§ Work instructions: Take the lines from the one with "Giro Verce Women's Helmet" through the end of the material below and repeat them exactly, dropping every picture.

§ Data:
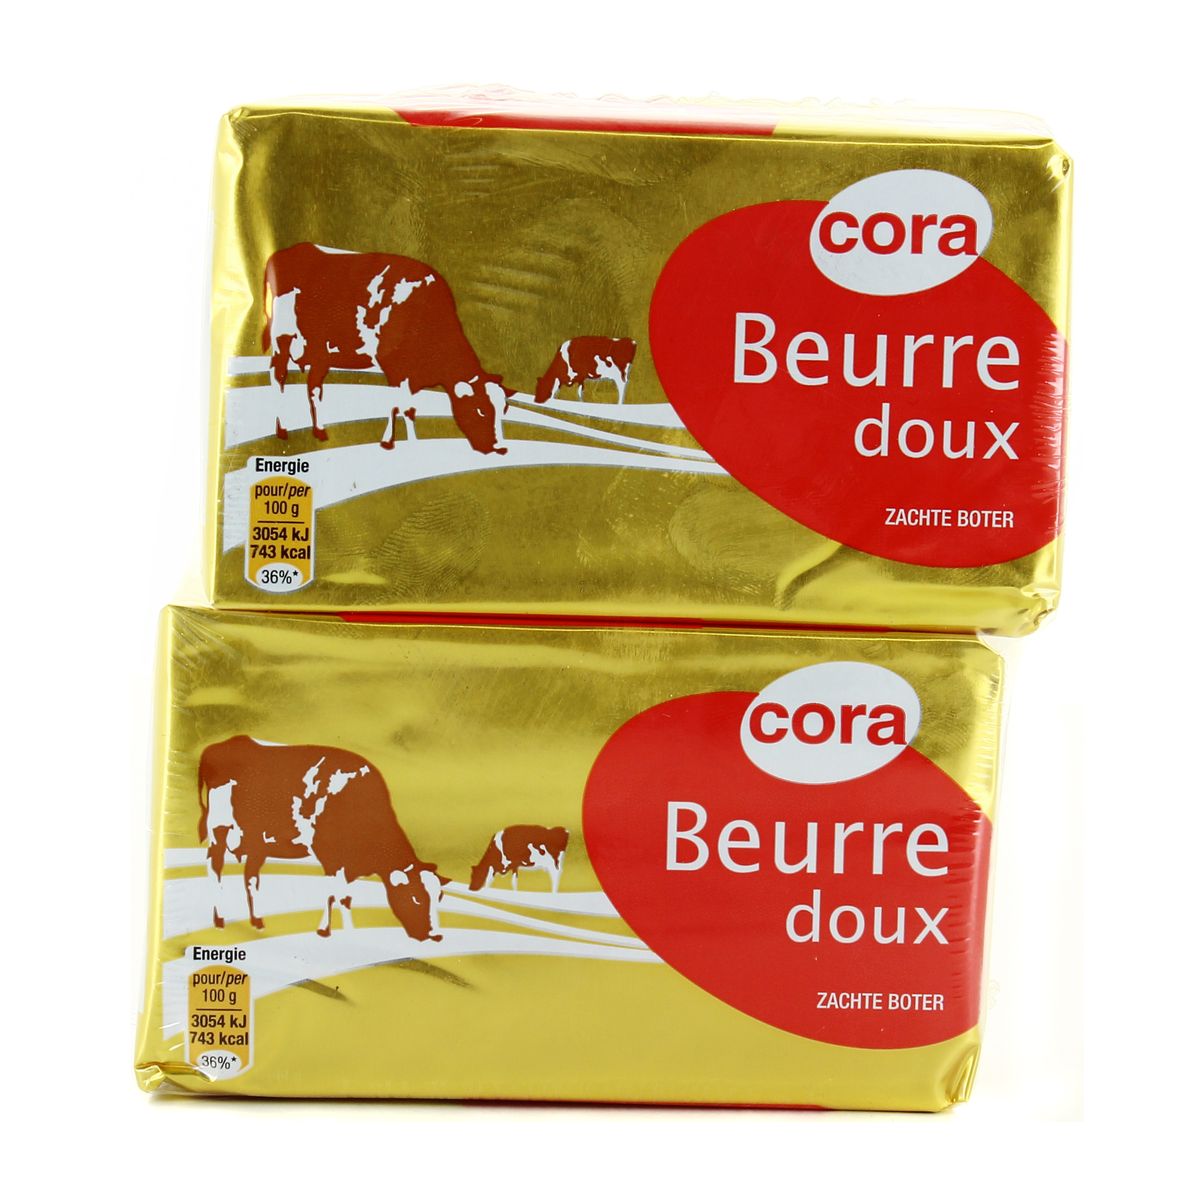 Cora beurre doux 250g
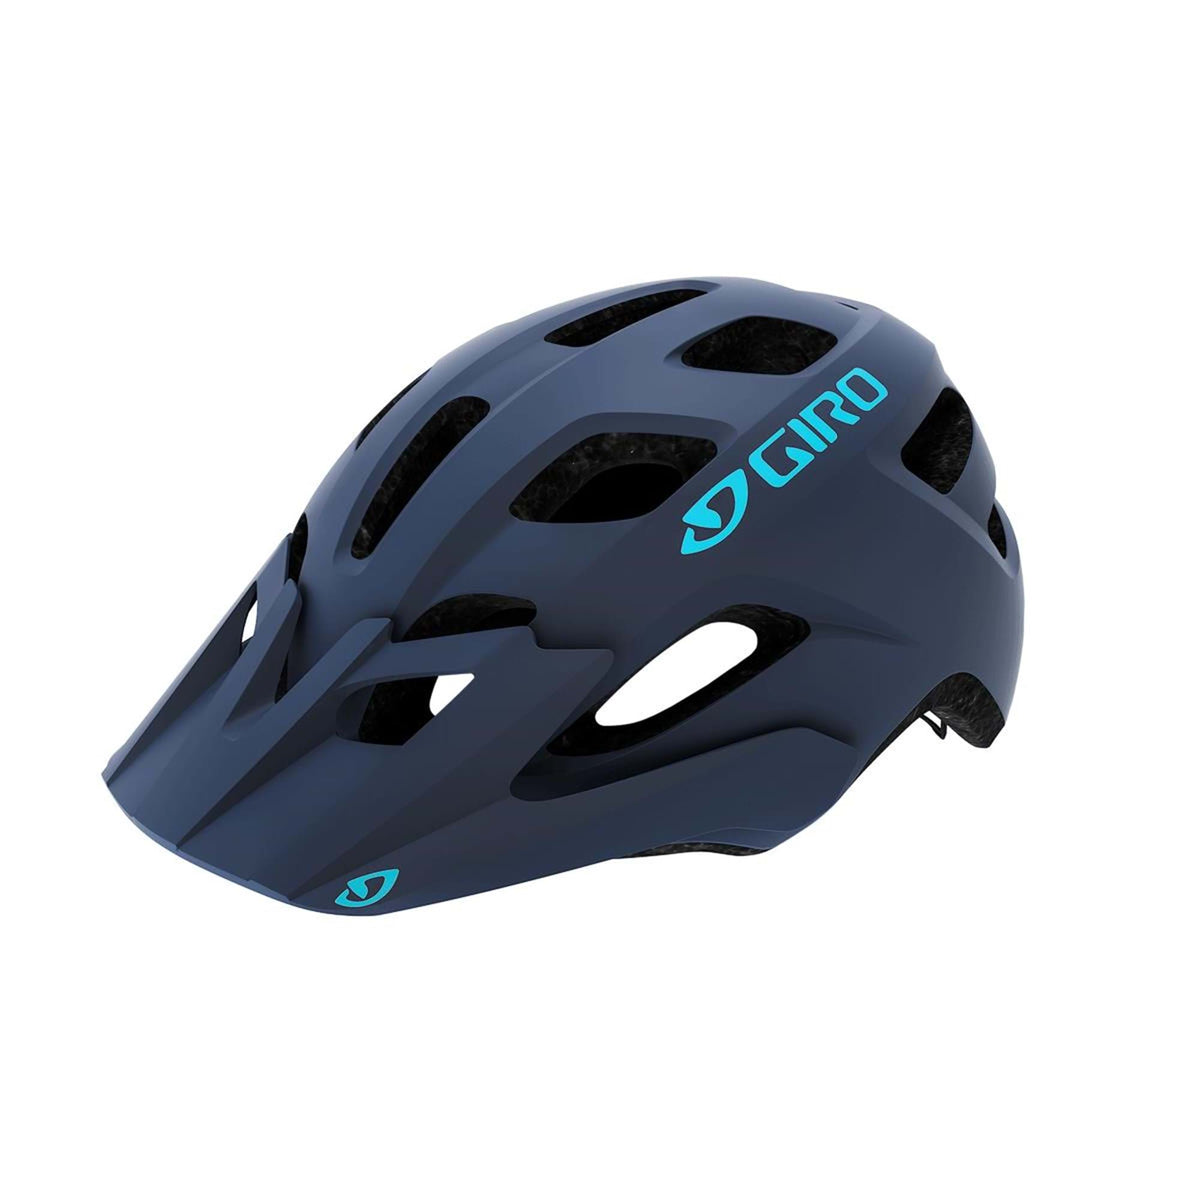 Giro Verce Women's Helmet
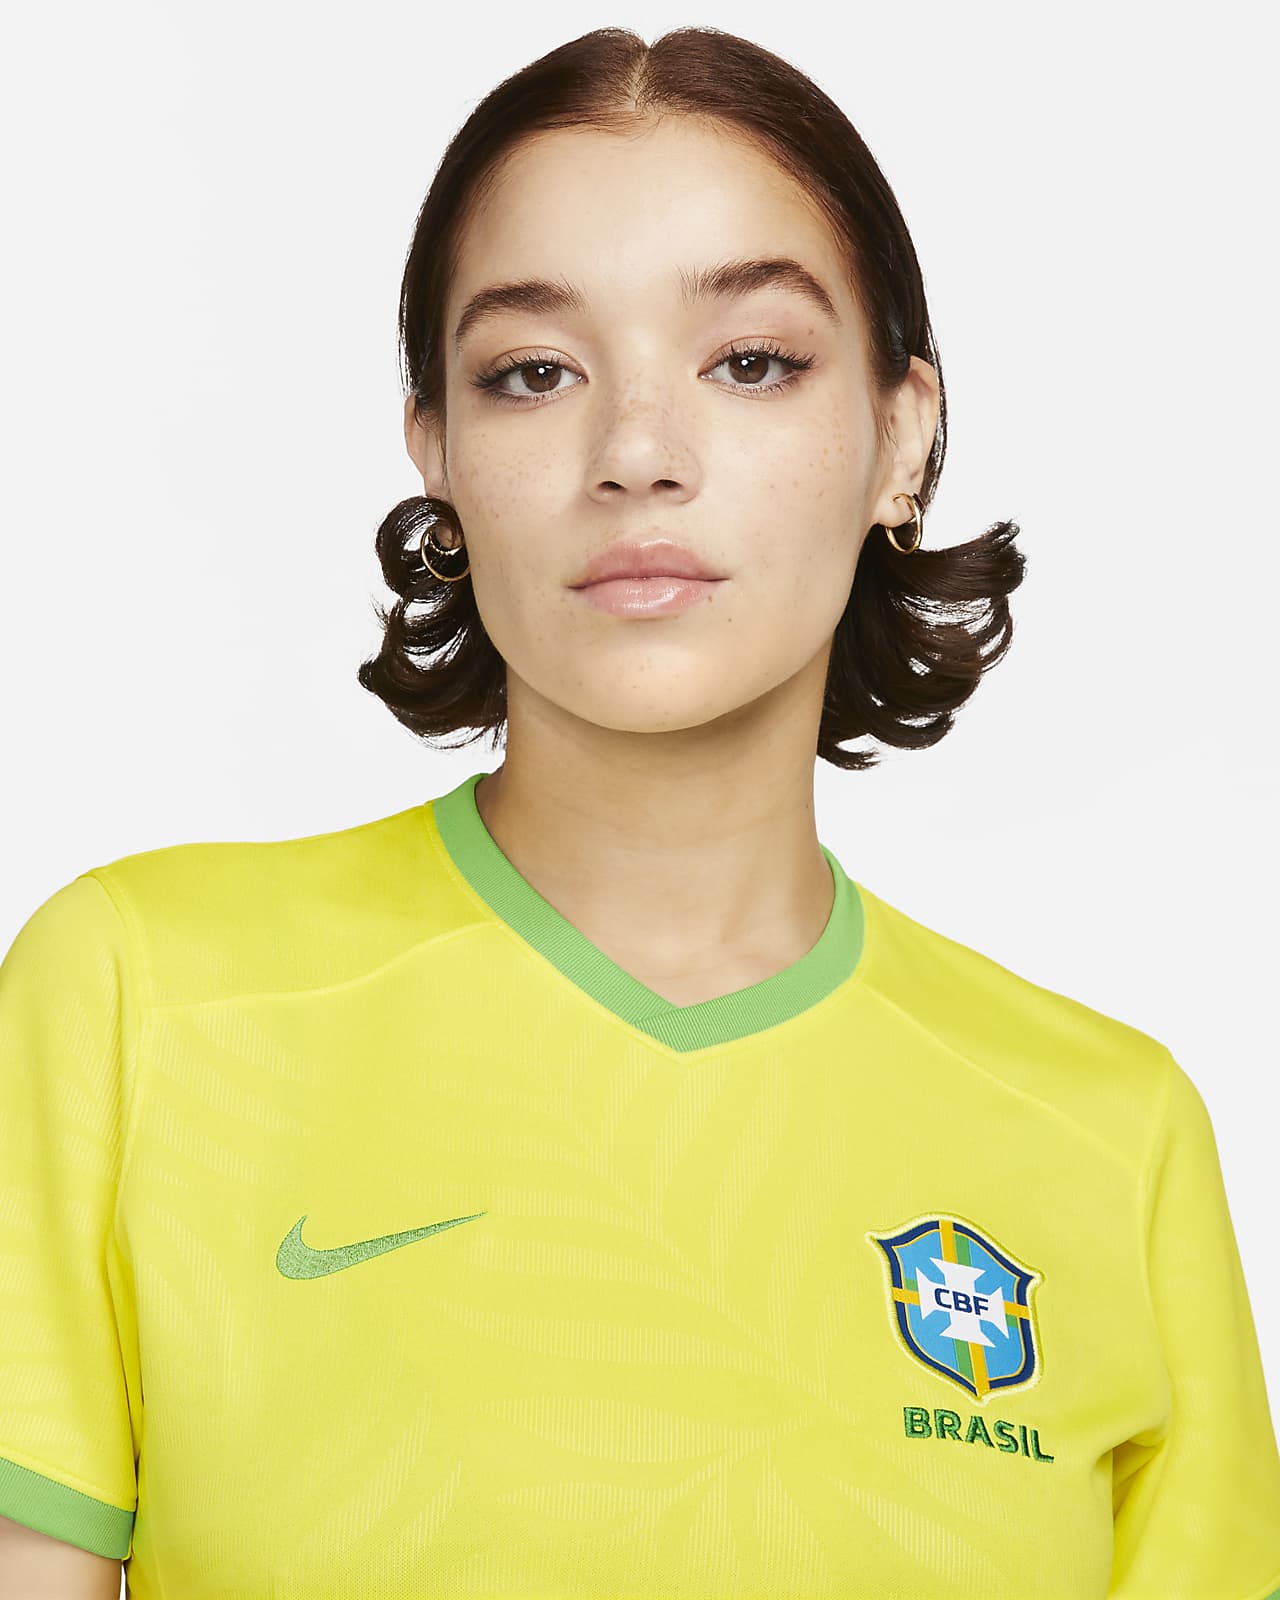 Maillot de foot Nike Dri-FIT Portugal 2023 Stadium Domicile pour femme.  Nike CH
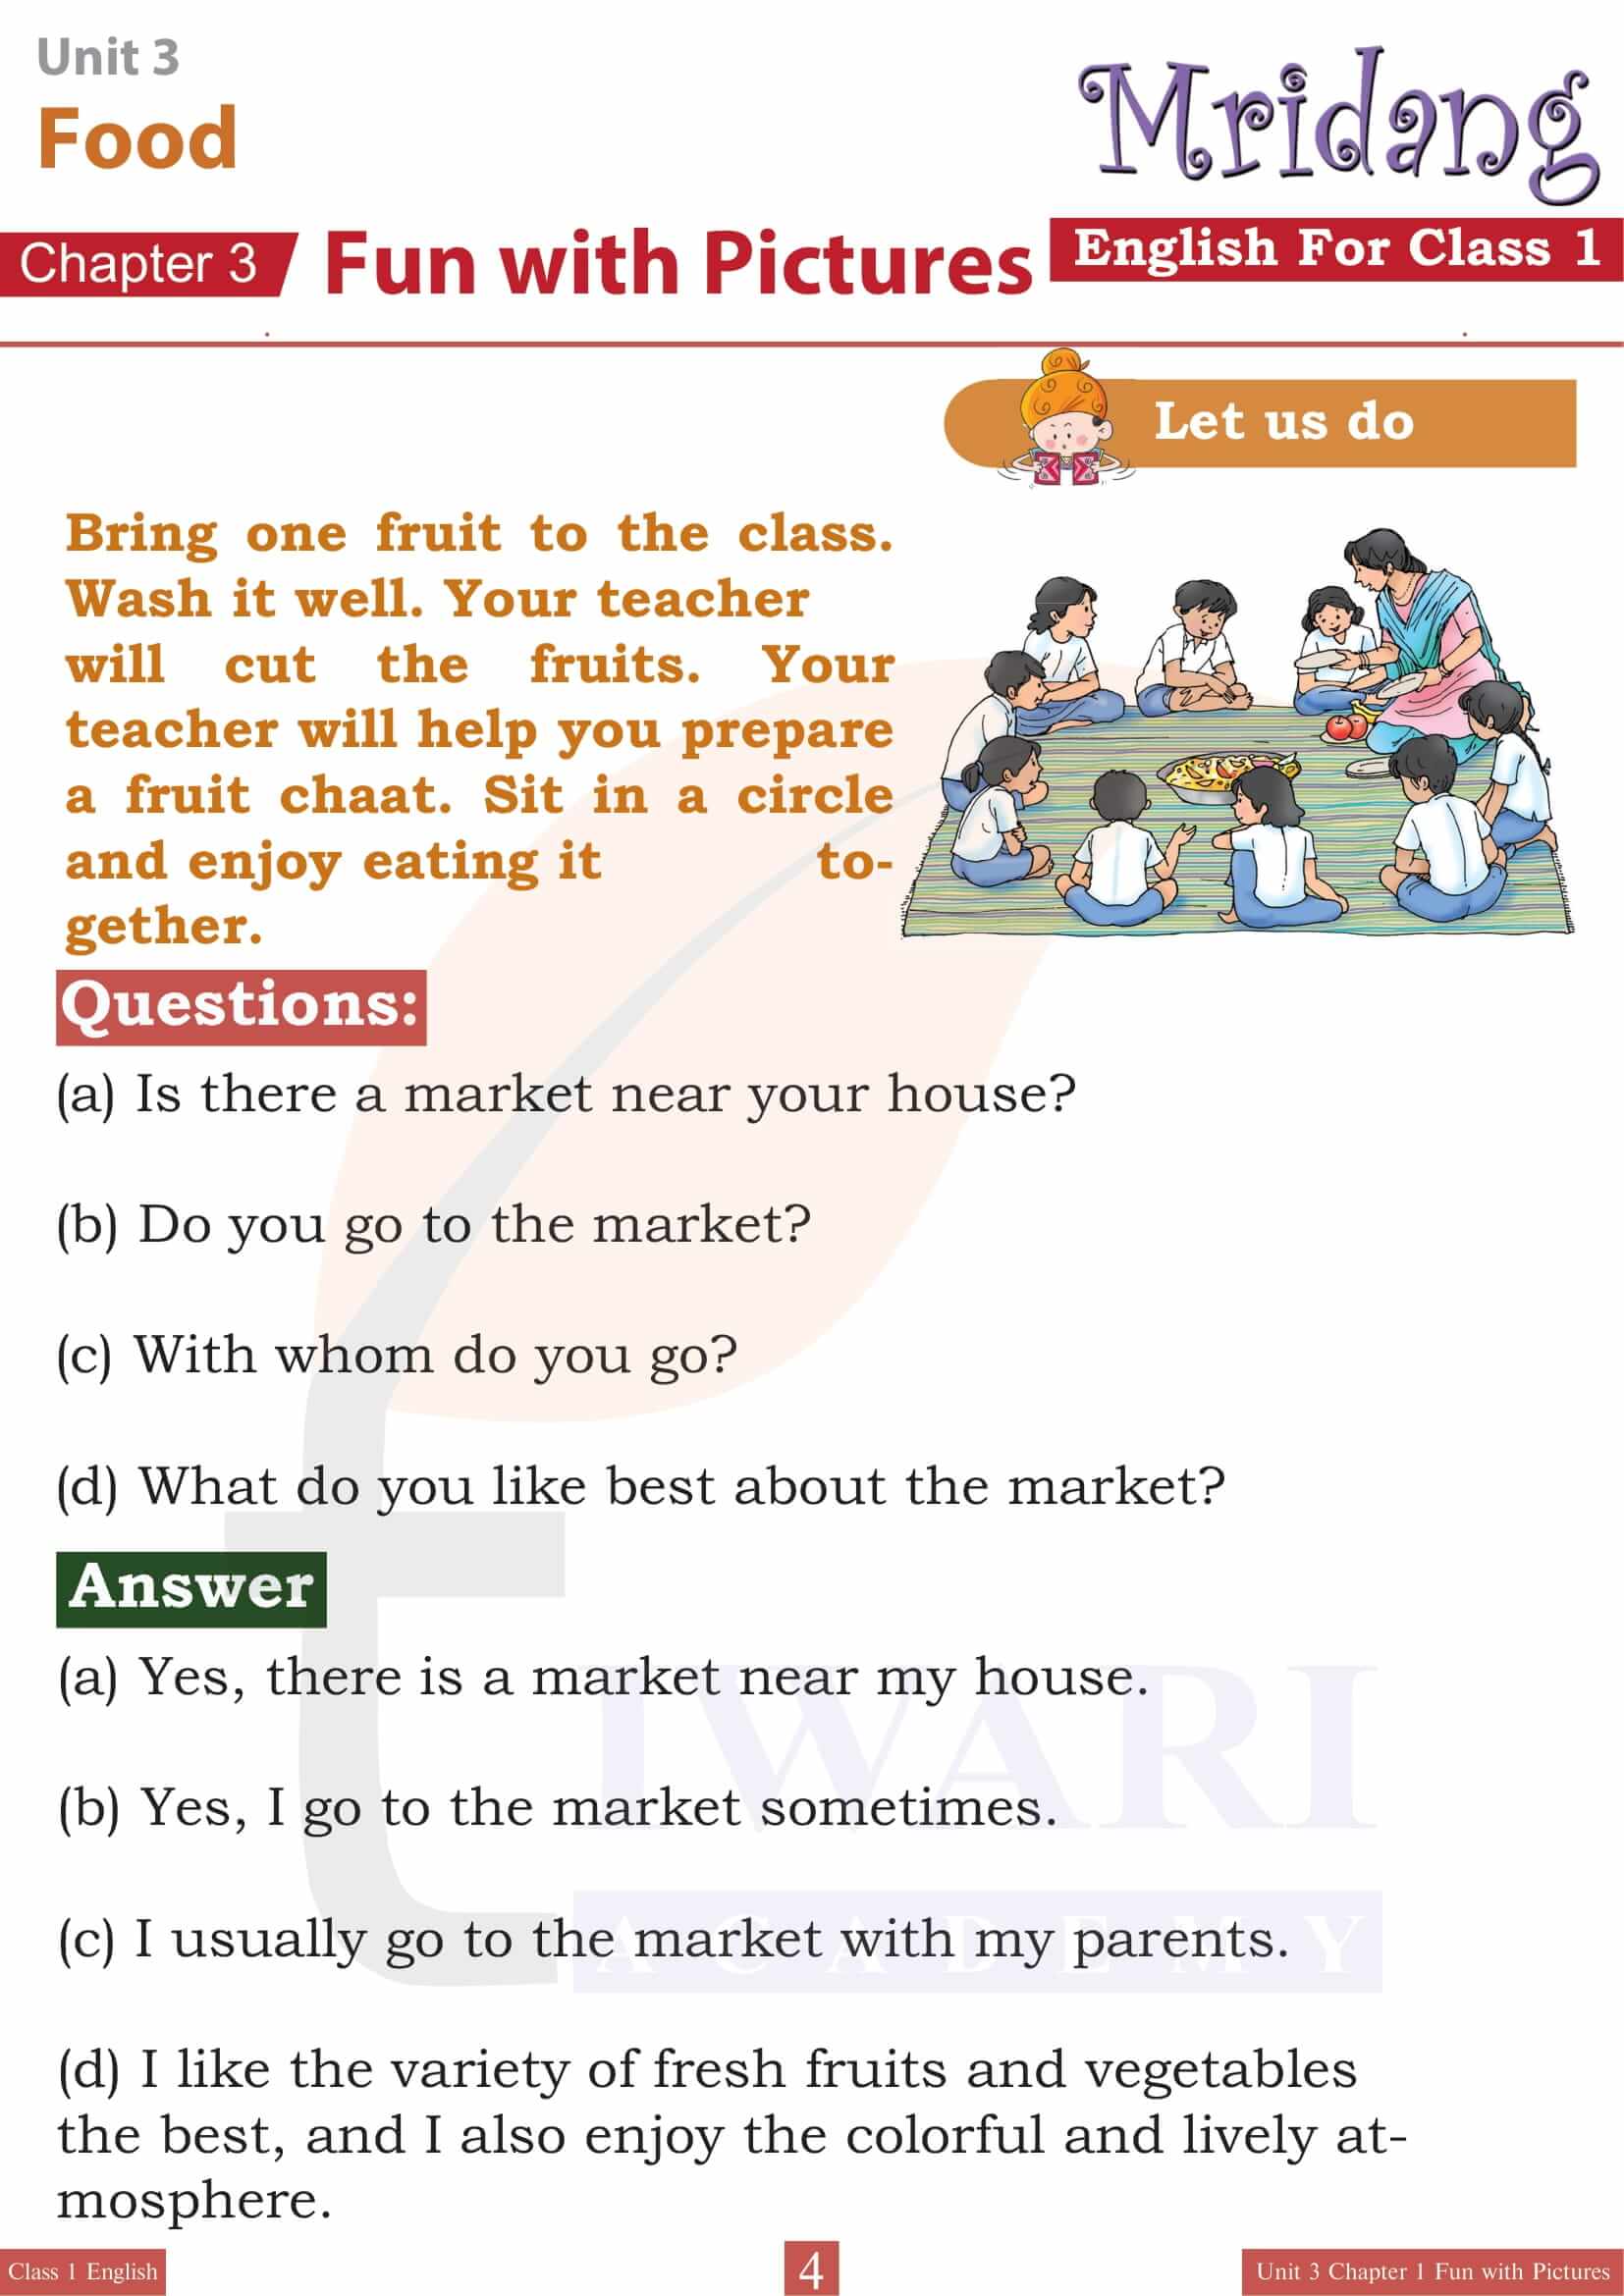 Class 1 English Mridang Unit 3 Food Chapter 1

§ Final answer:
 Giro Verce Women's Helmet
 Maillot de foot Nike Dri-FIT Portugal 2023 Stadium Domicile pour femme.  Nike CH
 Class 1 English Mridang Unit 3 Food Chapter 1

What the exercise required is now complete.